Harris R J
Analytical Chemistry Department, Genentech, Inc., South San Francisco, CA 94080, USA.
J Chromatogr A. 1995 Jun 23;705(1):129-34. doi: 10.1016/0021-9673(94)01255-d.
C-terminal Lys or Arg residues whose presence was expected based on gene sequence information are often absent in proteins isolated from mammalian cell culture.
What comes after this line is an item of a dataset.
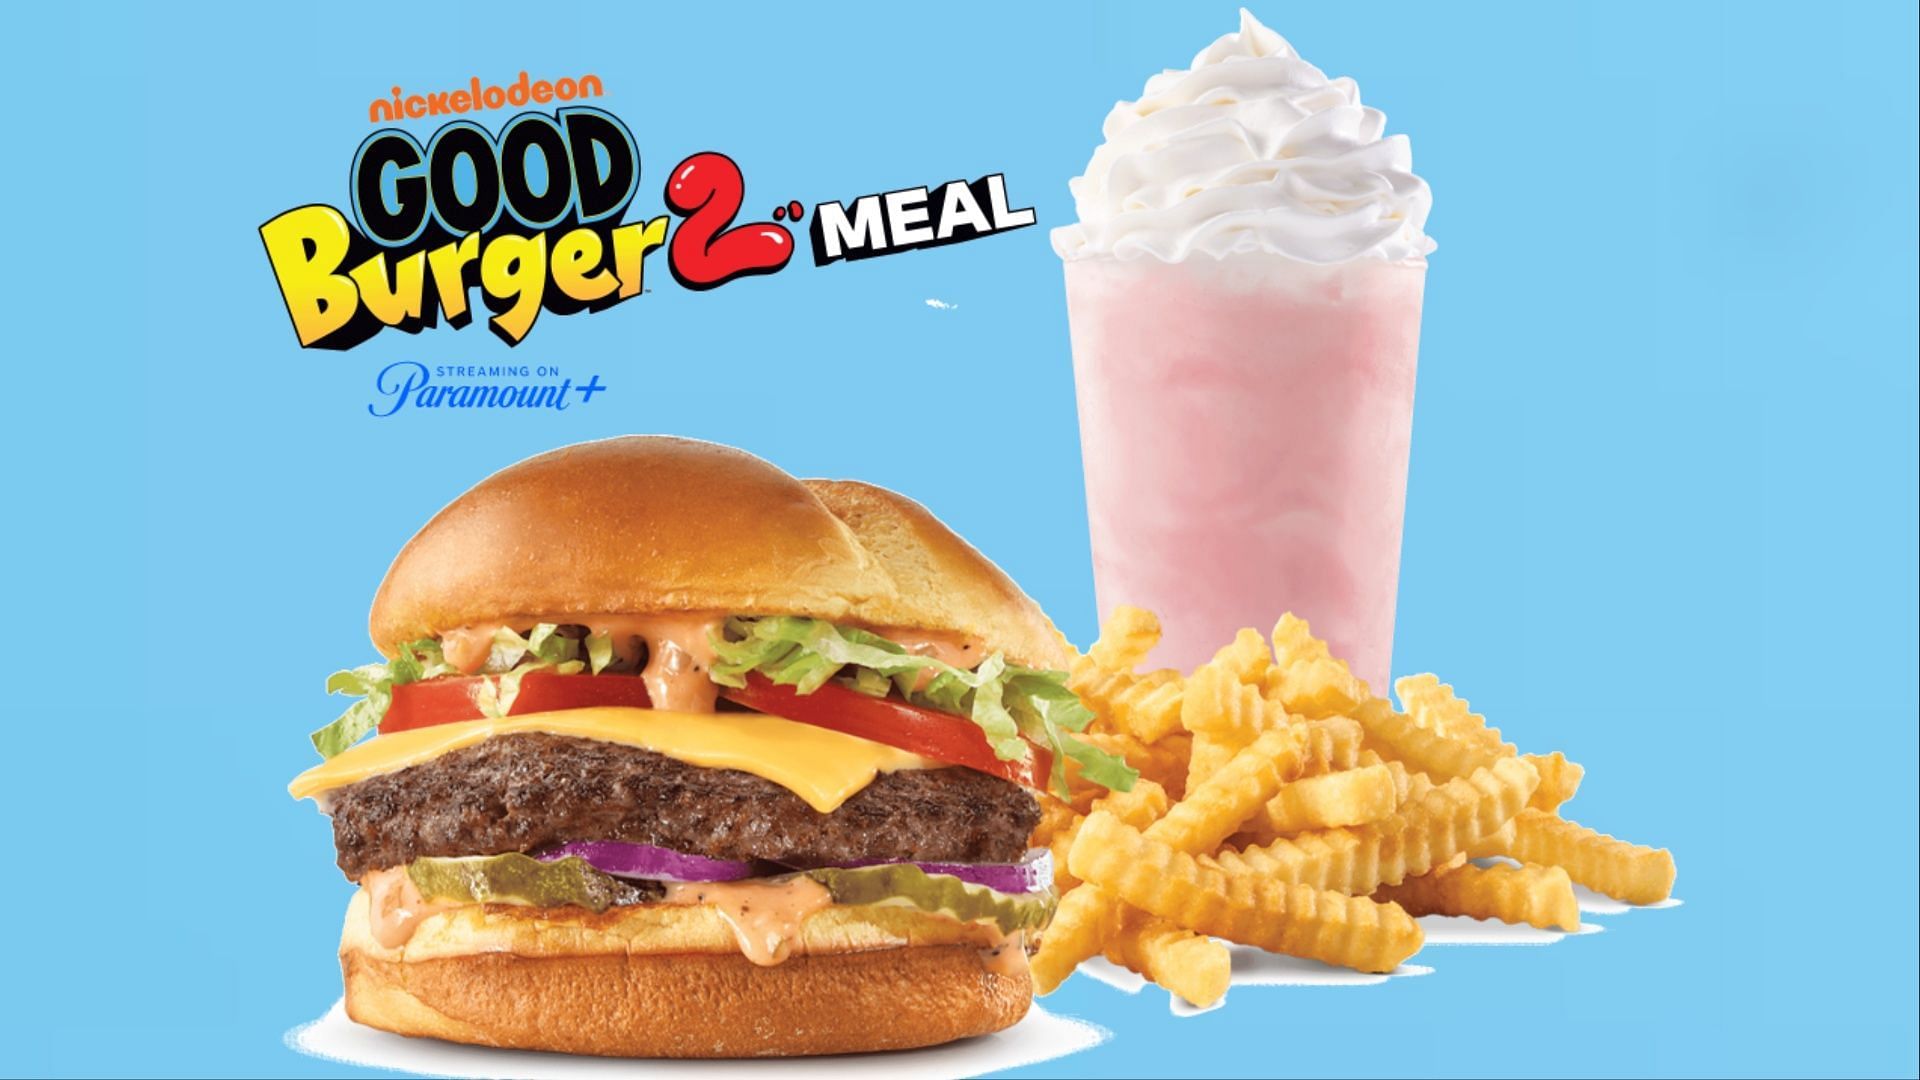 The Good Burger 2 meal hits stores nationwide on November 13 (Image via Arby&rsquo;s)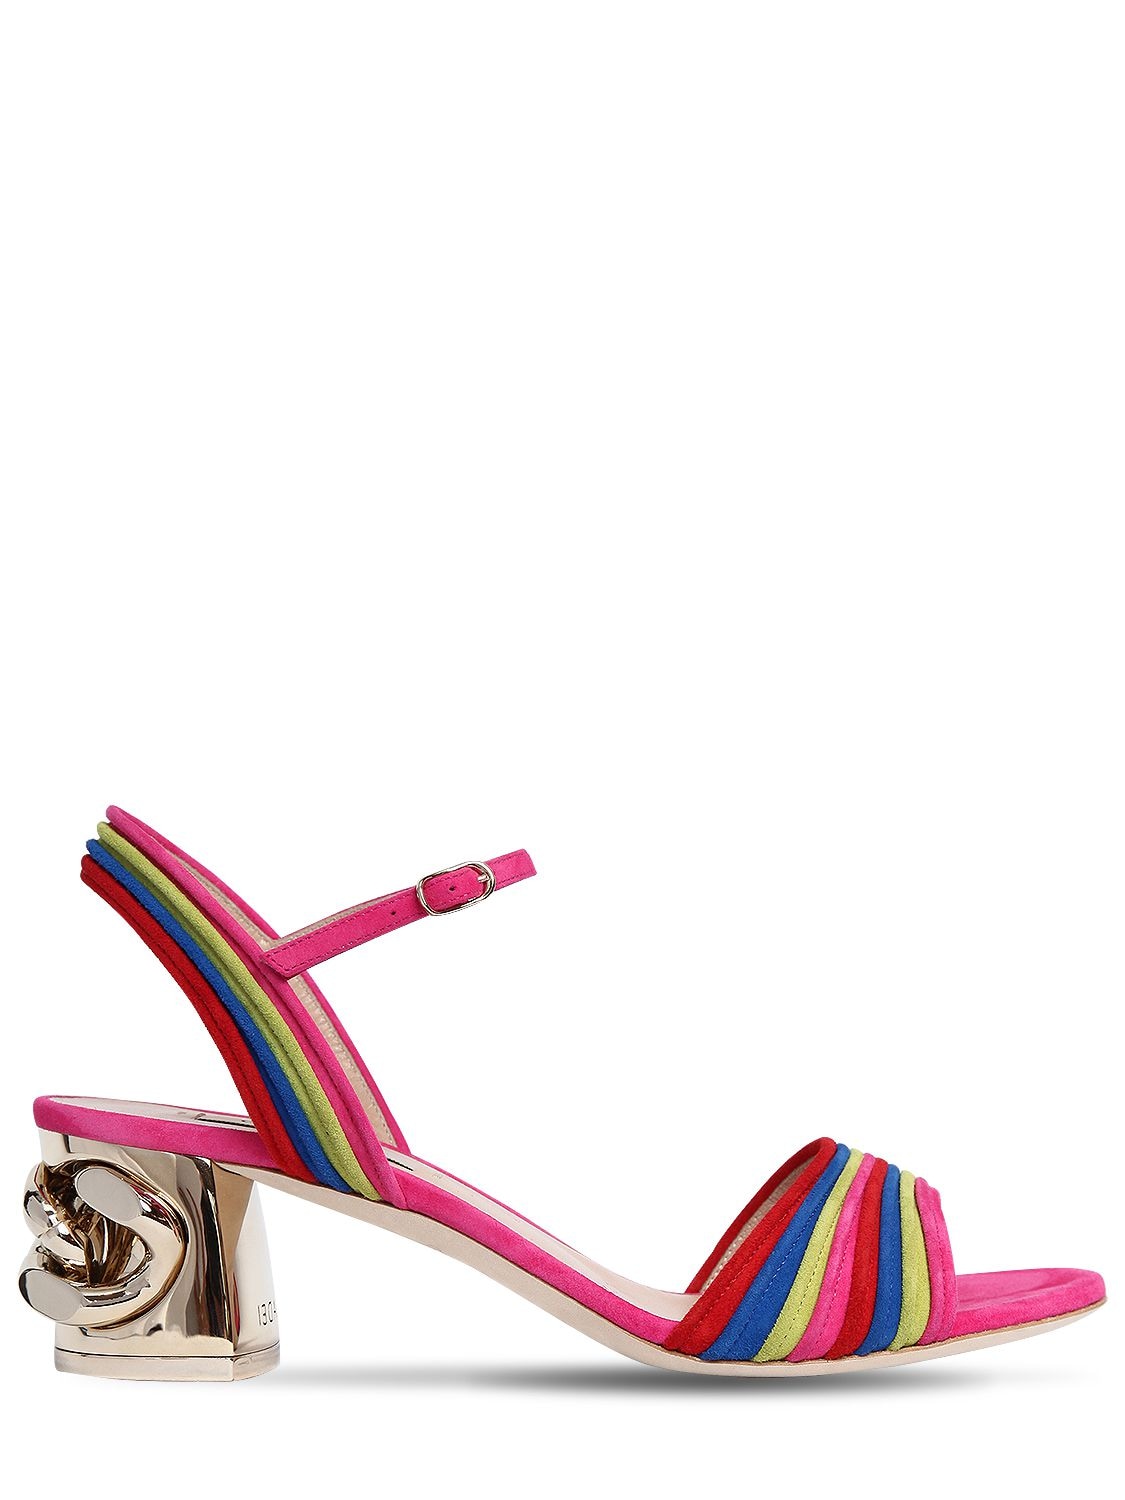 Casadei 50mm Chained Heel Rainbow Suede Sandals In Multicolor

This discrepancy is believed to be due to the activity of one or more basic carboxypeptidases. Internal Arg/Lys residues that become C-terminal upon proteolysis or zymogen activation, such as in the two-chain form of tissue plasminogen activator, may also be removed from the mature protein. Charge heterogeneity results when this type of processing is incomplete; such heterogeneity can be detected by isoelectric focusing or ion-exchange chromatography. The absence of C-terminal basic residues is not usually a regulatory concern, as plasma-derived proteins are often similarly processed.
基于基因序列信息预期会存在的C末端赖氨酸或精氨酸残基,在从哺乳动物细胞培养物中分离出的蛋白质中常常缺失。这种差异被认为是由于一种或多种碱性羧肽酶的活性所致。蛋白水解或酶原激活后成为C末端的内部精氨酸/赖氨酸残基,例如组织纤溶酶原激活物的双链形式中的此类残基,也可能从成熟蛋白中被去除。当这种类型的加工不完全时会导致电荷异质性;这种异质性可通过等电聚焦或离子交换色谱法检测到。C末端碱性残基的缺失通常不是一个调节方面的问题,因为血浆来源的蛋白质常常也会进行类似的加工。